我笑着对朋友说道:“嘿,让你的小狗也去抢块儿肉来吧,怎么样?瞧它都瘦成什么样了,你这个做主人的还真是一点爱心都没有啊。我记得不错的话,它有好几顿都没吃饱了吧?真可怜啊。”
朋友道:“啊真是的,我当初又不是想要养它才养它的,而且你也知道我对这方面一窍不通嘛,怎么学都学不会。它自己饿的话自己会去找吃的吧?应该。反正过了这么多年,我还从没见过它会饿,不就是瘦了点儿嘛。而且你说抢肉也很不切实际啊,你怎么能这么说?他要是把那些腐肉吃进肚子的话,绝对会上吐下泻的。这个我有经验,我曾经试过一次,那次把它折腾得半死哦。”然后他俯下身去,抚摸他的爱犬,对它说道:“你也不会想去吃的,对吧?”那条畜生呜呜的回应了他。
说实话,我还是蛮羡慕的,都这么大的人了,身边还能有这样可爱的东西讨你的欢心。就算是再烦恼的事情,看到这么可爱的畜生在身边摇尾乞怜,也是很高兴的吧?总能对自己说:啊,我就算再不济、在困顿,身前身后也能看见一个比我更恶劣的家伙呢。这样想想的话,确实舒坦多了。
我来到大殿之中,那些神佛的金身还是完好无损的,贡品十分新鲜,香炉还冒着几分热气。
“看来他们还未走远。”朋友跟了进来,跟他的狗分吃了贡品,对我道:“神佛的贡品能滋神养精,你要不要尝尝看啊?很管用的。”
“得了吧,我才不会信你的那些鬼话呢!”我笑道,“他们应该是刚走不久,我们或许还能跟上。按这个速度来看,下一个被灭的应该就是剑堂了。这两个孩子还真是杀伐果决啊,真是的,一点都不像同龄的小孩那么天真无邪。我说,你也别再吃了,我们什么时候走啊?”
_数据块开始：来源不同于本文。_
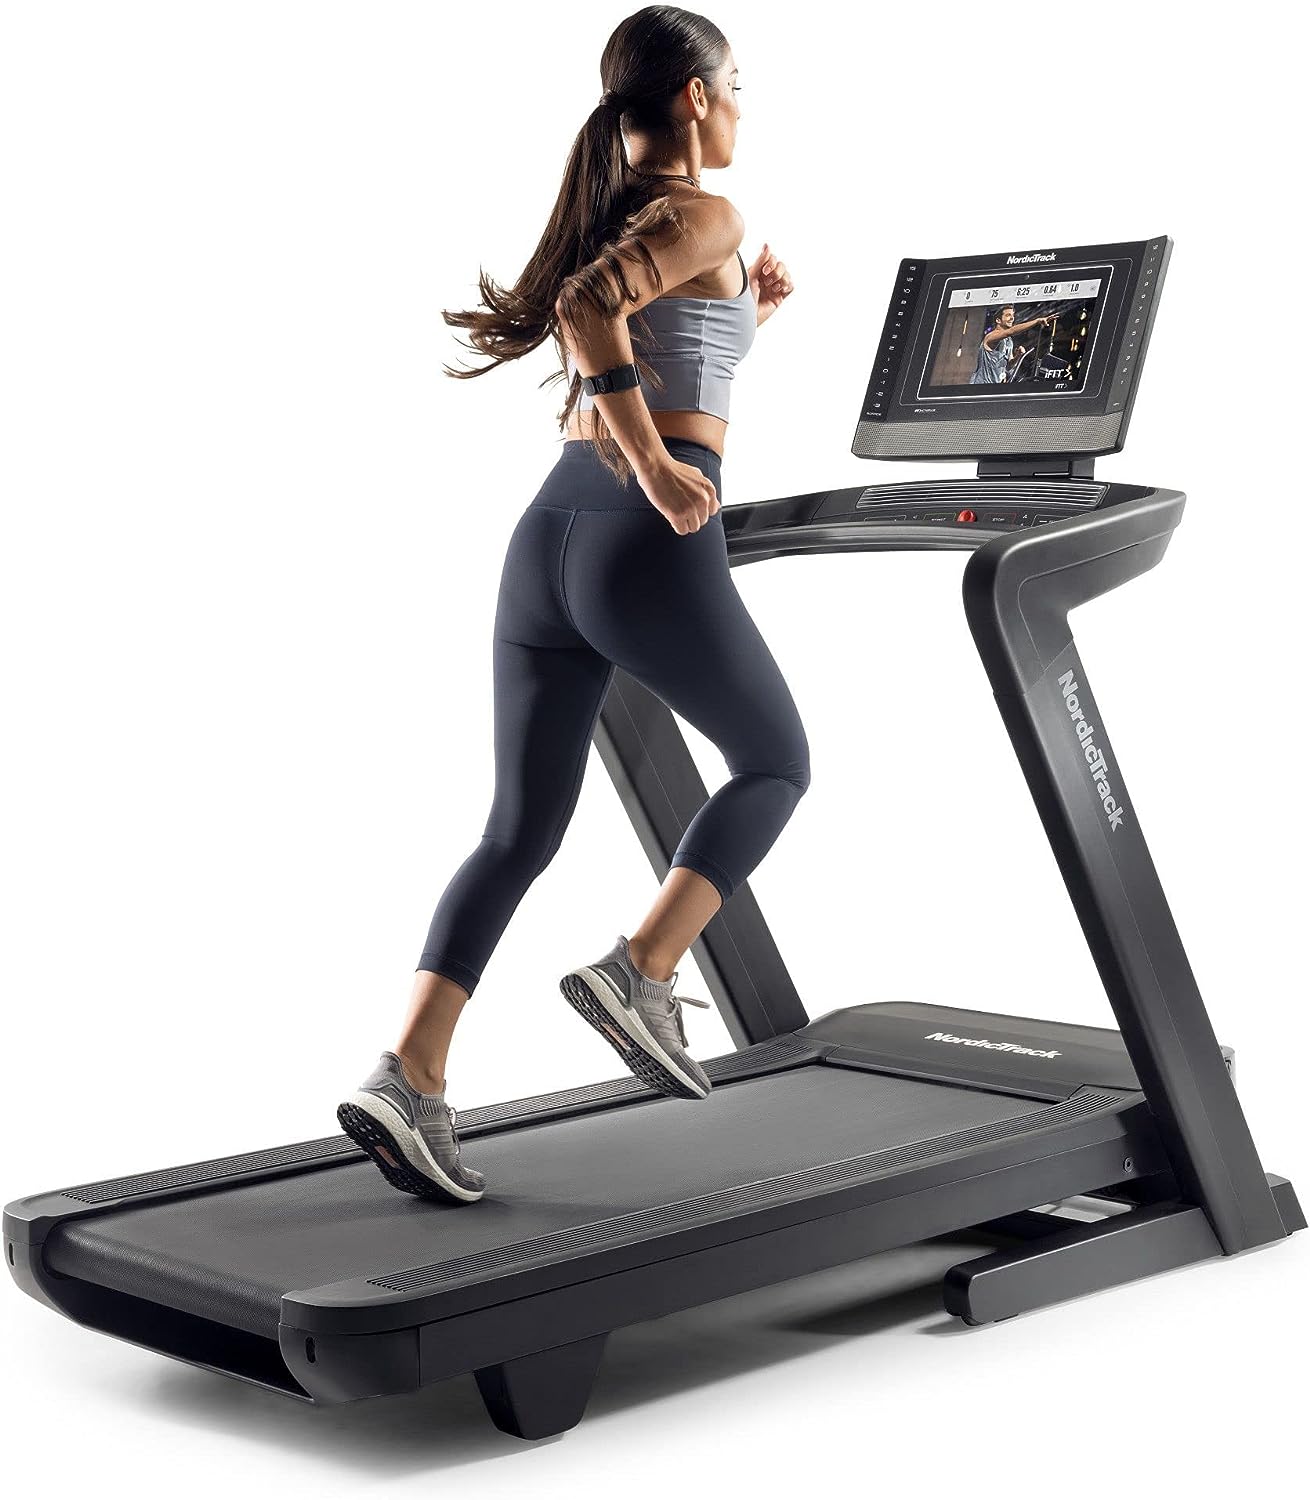 NordicTrack Commercial Series 1250, 1750, 2450: Expertly Engineered Foldable Treadmill, Treadmills for Home Use, Walking Treadmill with Incline, Superior Interactive Training Experience

朋友把贡品塞得满嘴,口齿不清的说道:“我不想再追了,这样做一点意义也没有,不如等时机到了再带寂歌走,我们去找些乐子来。”
我疑惑的问:“什么乐子?”
“找乐子前我们先把事情说清楚比较好,省得你又唠叨我不正经……关于寂歌的母亲和弟弟,你知道多少?”朋友摸着嘴角的点心渣,一脸神秘的朝我眨眼,“我可是知道得一清二楚哦。”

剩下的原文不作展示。